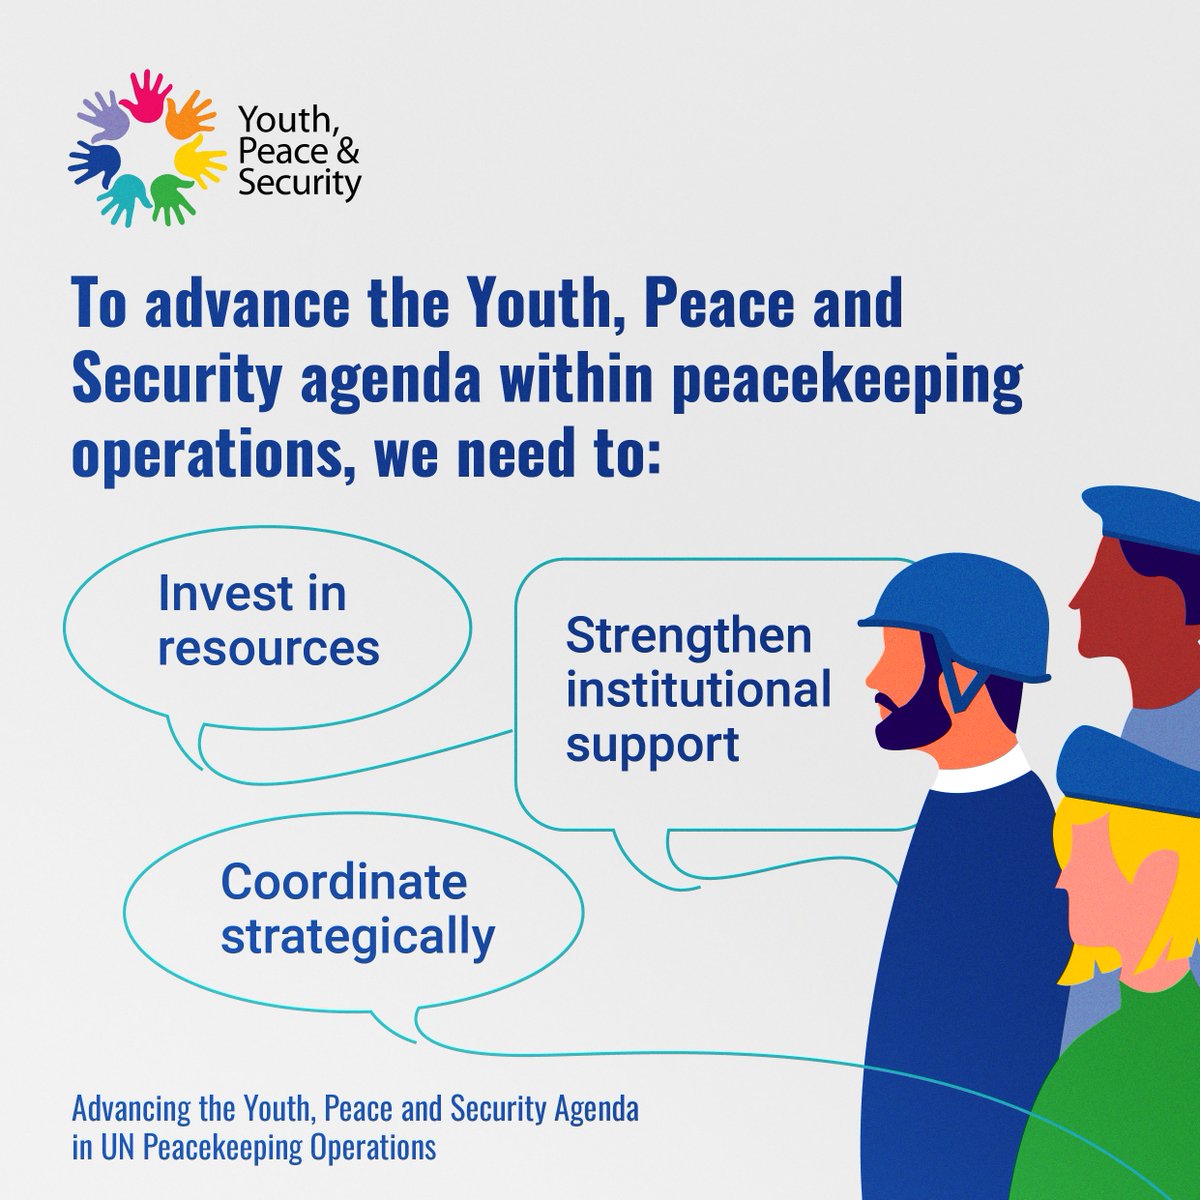 To build peaceful and just societies young people need increased investment, collaboration and commitment from all of society 🕊 Explore our findings on advancing the #Youth4Peace agenda in @UNPeacekeeping Operations 🌍 un.org/youthenvoy/wp-…
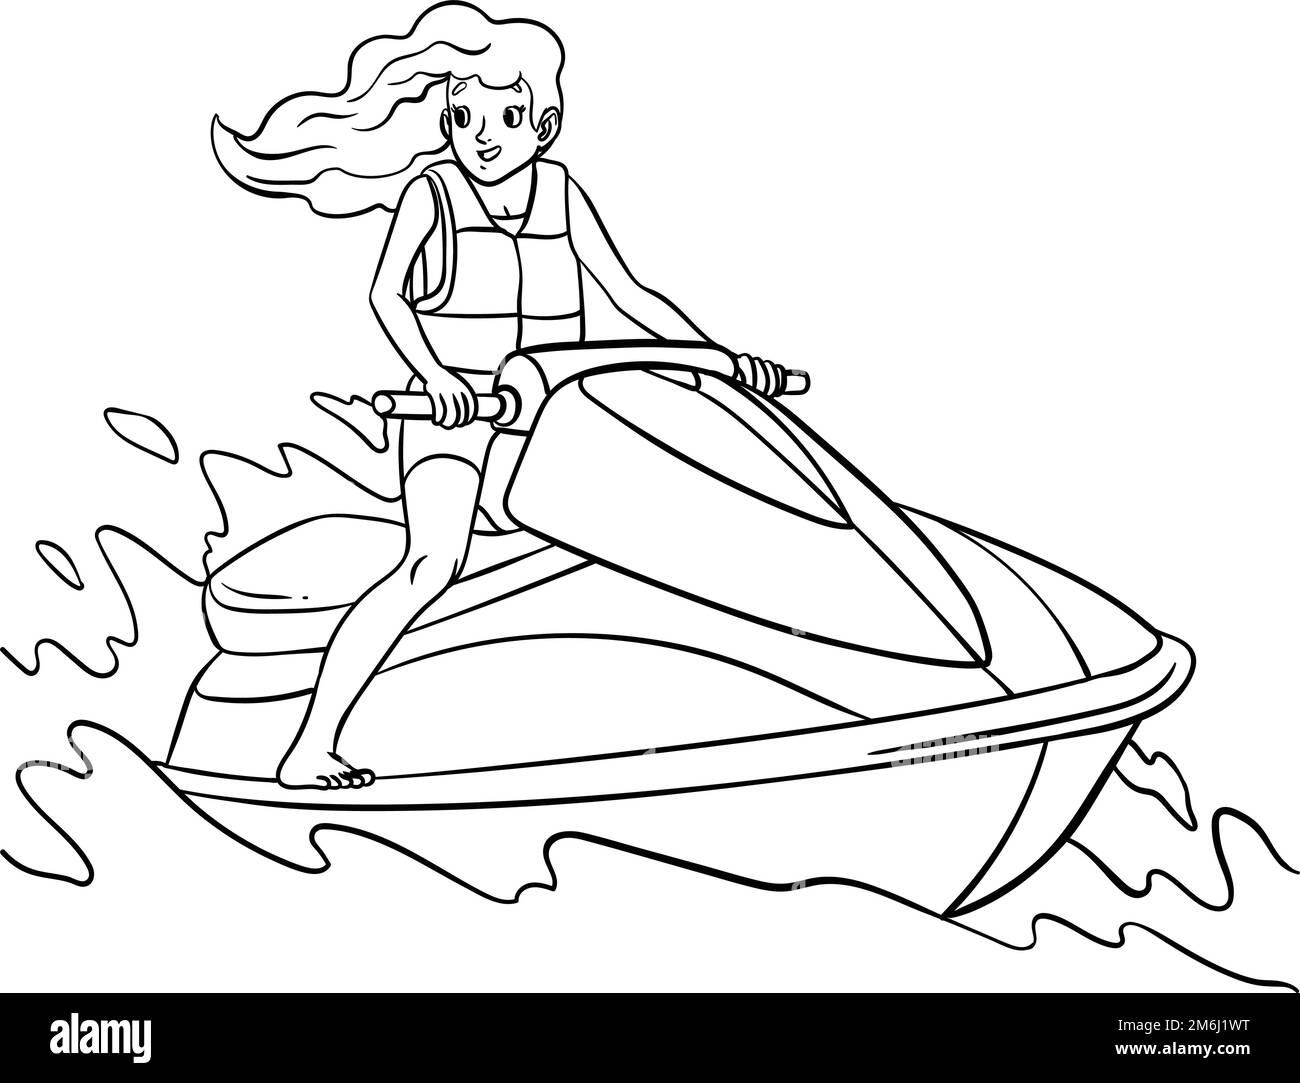 Jet ski isolated coloring page for kids stock vector image art
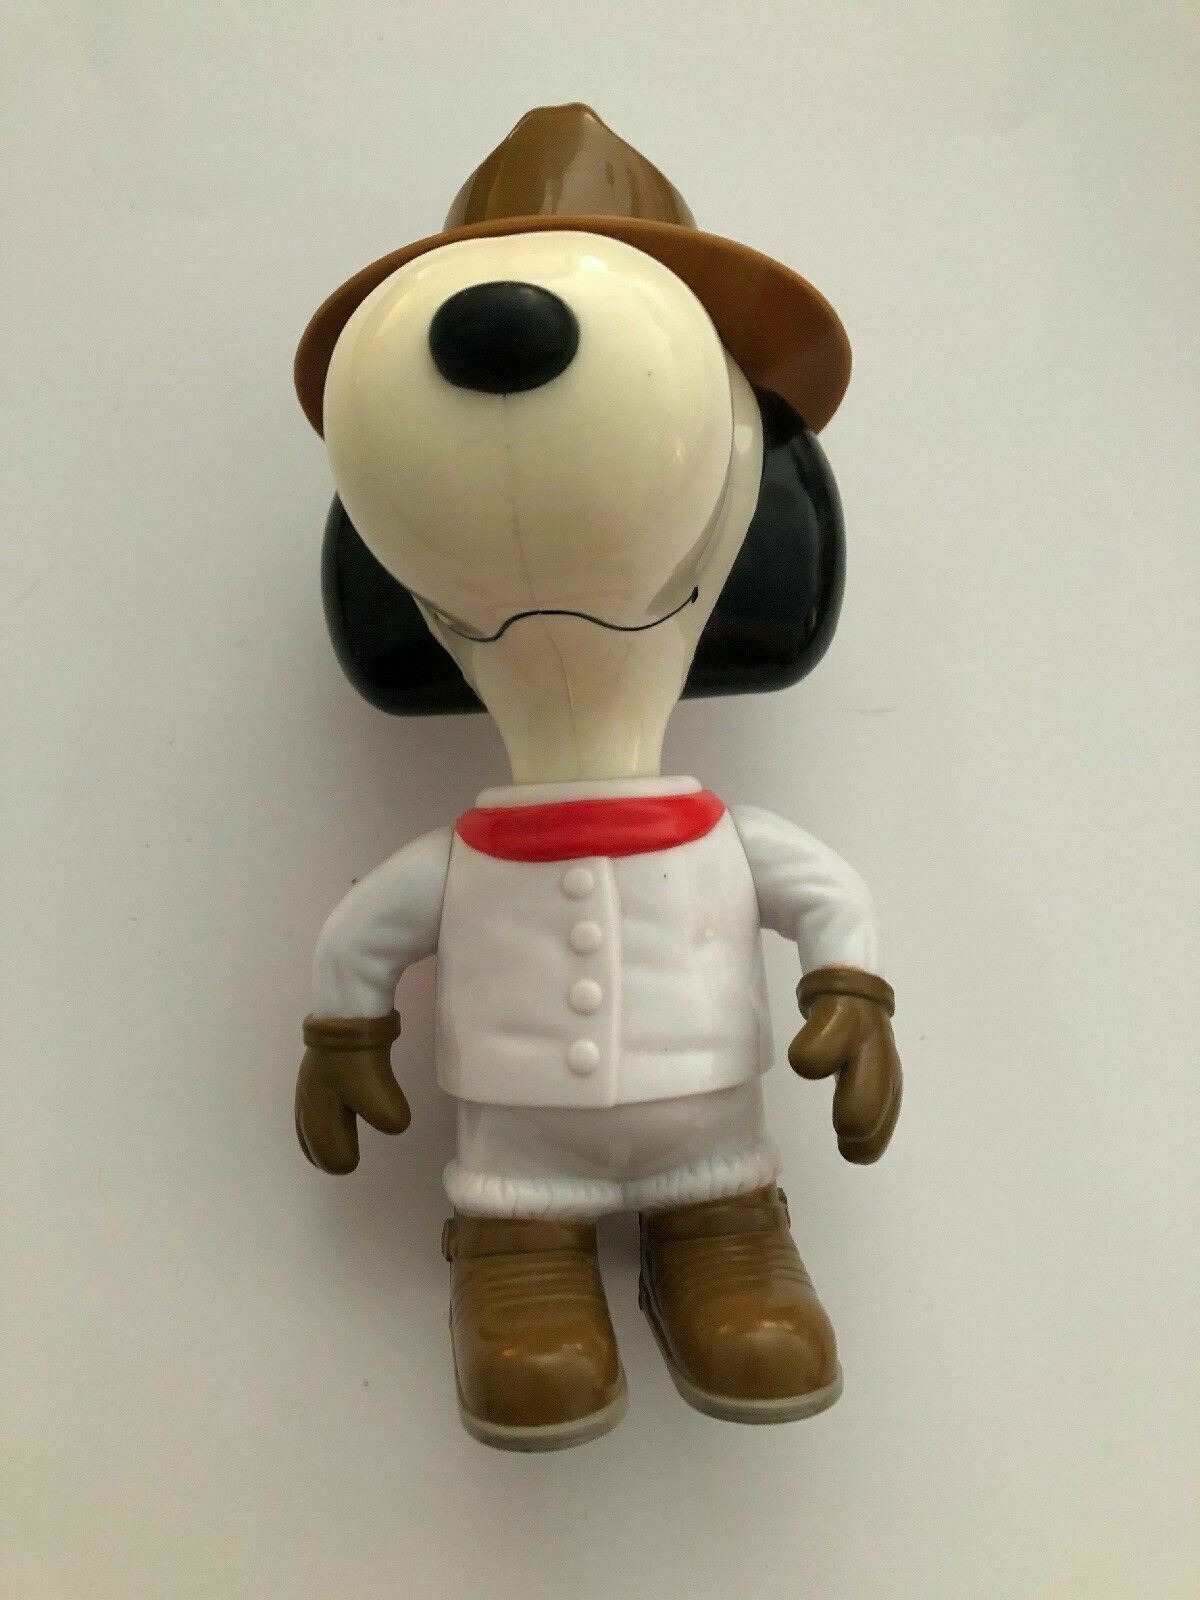 Boy Scout SNOOPY   Genuine McDonald's Toys Peanuts Promotional Toy

◆ **Assignment**: The expected output is the full data above, reproduced exactly with no images.

◆ **Task result**:
 To build peaceful and just societies young people need increased investment, collaboration and commitment from all of society 🕊 Explore our findings on advancing the #Youth4Peace agenda in @UNPeacekeeping Operations 🌍 un.org/youthenvoy/wp-…
 Jet ski isolated coloring page for kids stock vector image art
 Boy Scout SNOOPY   Genuine McDonald's Toys Peanuts Promotional Toy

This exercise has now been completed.